Image Blurring Measurement

Image blurring was measured in terms of the increase of pixel size which was estimated with the full width of half maximum (FWHM) of the point spread function related to a spiral sampling. The image blurring was investigated under two typical values of off-resonance: 1.0 ppm (or 297 Hz at 7T) representing the magnitude order of the main field $\left(B_0\right)$ inhomogeneity and 3.4 ppm (or 1010 Hz at 7T) reflecting the water-fat difference in resonance frequency in the body. Spiral readout, $T_s$, was altered in a range of 2.600–9.352 ms (corresponding to 80–18 spiral interleaves) at a spatial resolution of 0.859 mm (=220mm/256). Longer readouts were not examined due to extra large image blurring at the investigated offset frequency (297 Hz) and less importance in practice. Longer readouts at lower offset frequencies could be covered in the investigated range of readout by referring to a quantity of $Q_{offset}=\text{Δ}f\cdot T_s$. The FWHM values corresponding to those investigated readouts were measured, respectively, leading to a plot of the relationship between the blurring and readout.

Spiral Acquisition Efficiency

The efficiency of spiral acquisition, ${\zeta }_{spiral}$, was defined in this study as the ratio of the number of phase-encoding lines used for a full rectangular sampling required by Nyquist criterion, $N_{rect}$, to the number of spiral interleaves required for the same full sampling, $N_{spiral}$,

$${\zeta }_{spiral}=\frac{N_{rect}}{N_{spiral}}.$$ [2]

The number of spiral interleaves determines the readout time of an individual interleaf. The readout time alters the extent of image blurring. Spiral efficiency is, consequently, limited by the requirement of small image blurring.

Balancing image blurring and spiral efficiency

Spiral acquisition efficiency is limited by image blurring and a balance between them has to be made in practice. We chose spiral efficiency based on total image blurring which resulted from off-resonance dephasing before and during spiral readout. Total image blurring was minimized by two measures proposed in this study. First, multi-shot spirals (e.g., 128 shots at a matrix size of 1024) were used to dramatically reduce readout time, although significantly lowering spiral efficiency. This measure is effective, straightforward, and widely acknowledged, but it was not strong enough against image blurring on whole-body 7T scanners. The second measure, utilizing an ultra-short echo time, was necessarily introduced to further reduce image blurring which occurred before spiral acquisitions. The AWSOS sequence was employed in this study to perform UTE spiral imaging (30). This two-step reduction in image blurring is referred to as a hybrid method in this paper.

Experiments

Experiments on phantoms and human subjects (healthy volunteers) were performed on a whole-body 7T scanner (Magnetom 7T MRI, VB15, Siemens Medical Solutions, Erlangen, Germany) with maximum gradient amplitude of 40 mT/m and maximum slew rate of 170 mT/m/ms. An 8-channel head array coil (Rapid Biomedical GmbH, Rimpar, Germany) and a home-developed UTE spiral sequence AWSOS were employed for data acquisitions. Shim adjustment for each of data acquisitions was manually implemented with 5–7 iterations to achieve a good shim (line width <60 Hz).

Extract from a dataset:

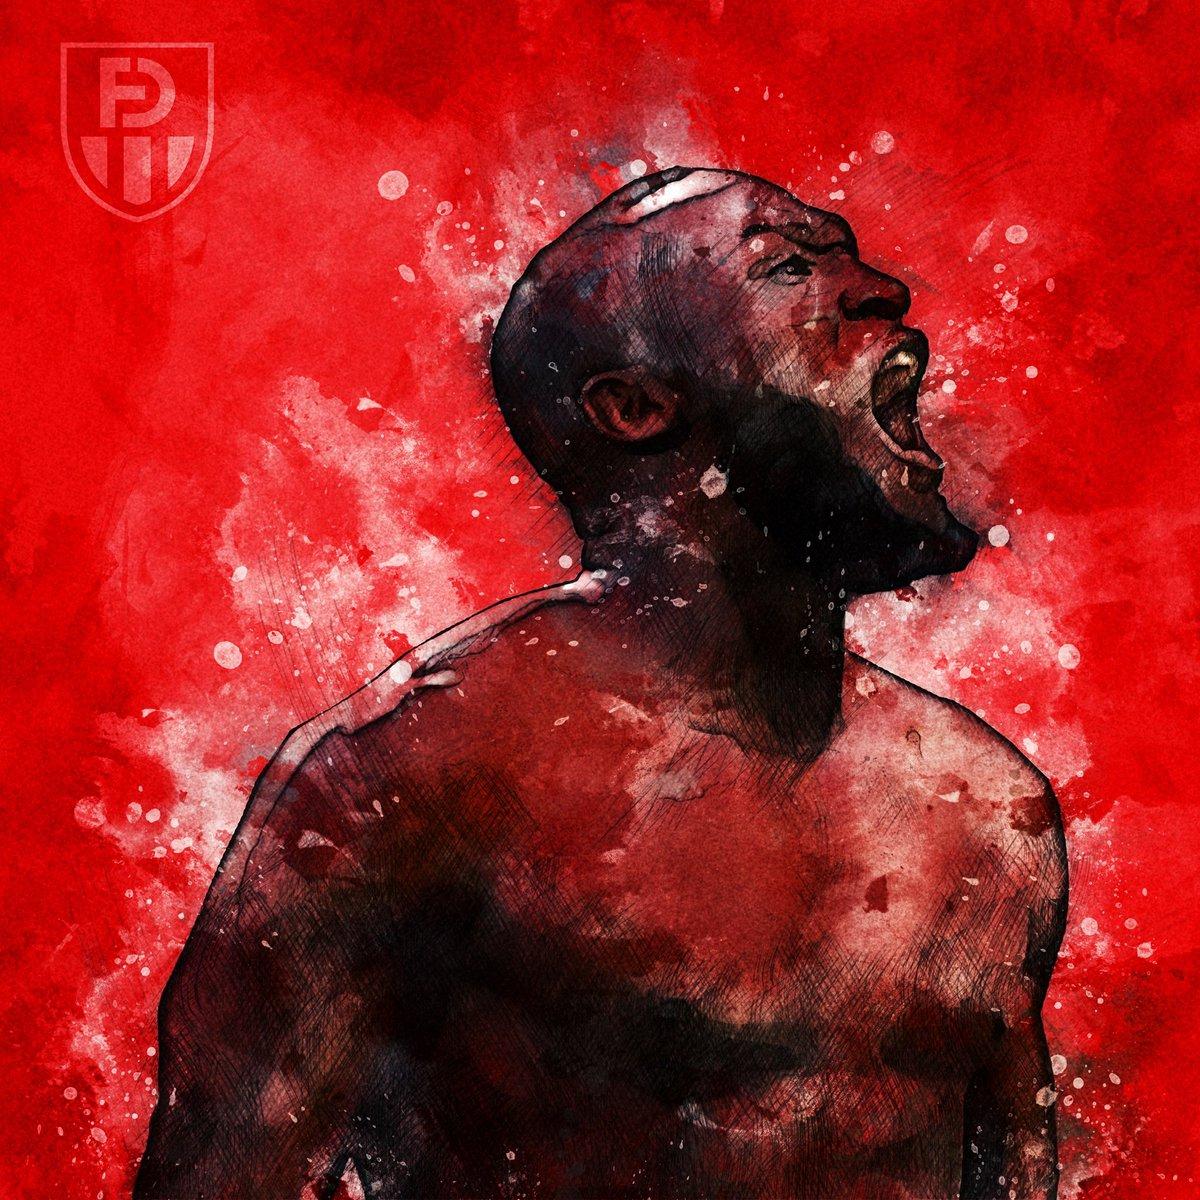 #MUFC #ManchesterUnited #Lukaku

The phantom experiments were performed with scan parameters: a sinc RF pulse of duration=0.8ms and cycle=1.5, flip angle=10°, TE/TR=0.59/100ms, FOV=220×220×150 mm³, matrix size=256×256×60, in-plane spiral interleaves=36 (or 64), readout time=5.360 (or 3.440ms), and total acquisition time=3.6 (or 6.4) min. To get a good shim the shimming volume was put inside the phantom. The phantom images were also used to measure actual resolution of spiral imaging at high resolution. The resolution measurement was implemented at the edge of the plastic bars inside the phantom imaged.

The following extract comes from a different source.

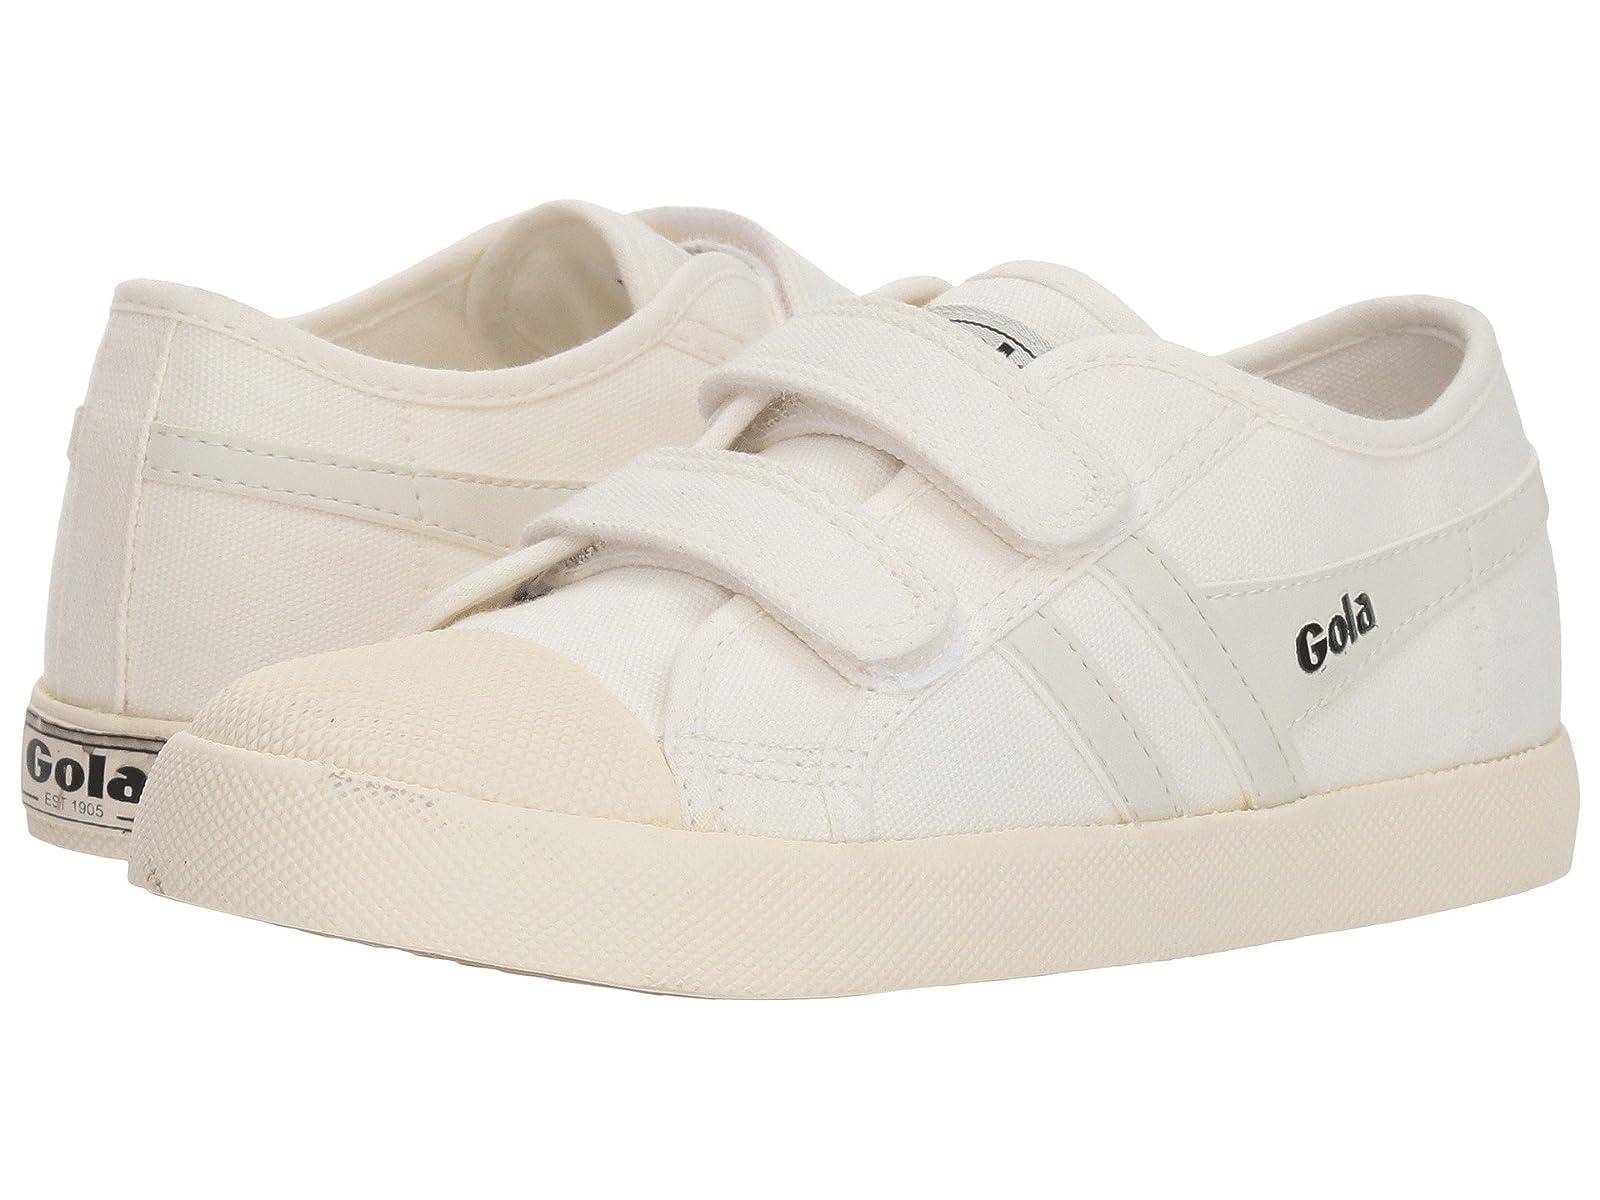 Gola Coaster (Toddler/Little Kid)Atmospheric grades have affordable shoes

The experiments on the subjects were approved by the Institutional Review Board (IRB) of the University of Pittsburgh and the signed consent forms were collected. Thirteen healthy subjects were scanned in this study, but the scans on the first six subjects did not produce an expected T₁-weigted contrast between white and gray matters due to inhomogeneity in flip angle. Transmitter adjustment on the 7T scanner usually could not find a voltage for 180° with the 8-channel head coil array used in this study. After figuring out optimal values for coil voltage (390V) and flip angle (50°), we got images of decent T₁-weighted contrast on the last seven scans. These scanning parameters were as follows: sinc RF pulse of duration=2.0 ms and cycle=1.5, flip angle=50°, TE/TR= 1.18/100ms, FOV=220×220×120 mm³, matrix size= 512×512×60 or 1024×1024×60, in-plane spiral interleaves=64 or 128, and readout time=10.560 ms (matrix=512 and spirals=64), 5.920 ms (spirals = 128), or 20.160 ms (matrix=1024 and spirals = 128). The total acquisition time (TA) for a 3D acquisition was 6.4 min for 64 spirals, or 12.8 min for 128 spirals, at TR=100ms.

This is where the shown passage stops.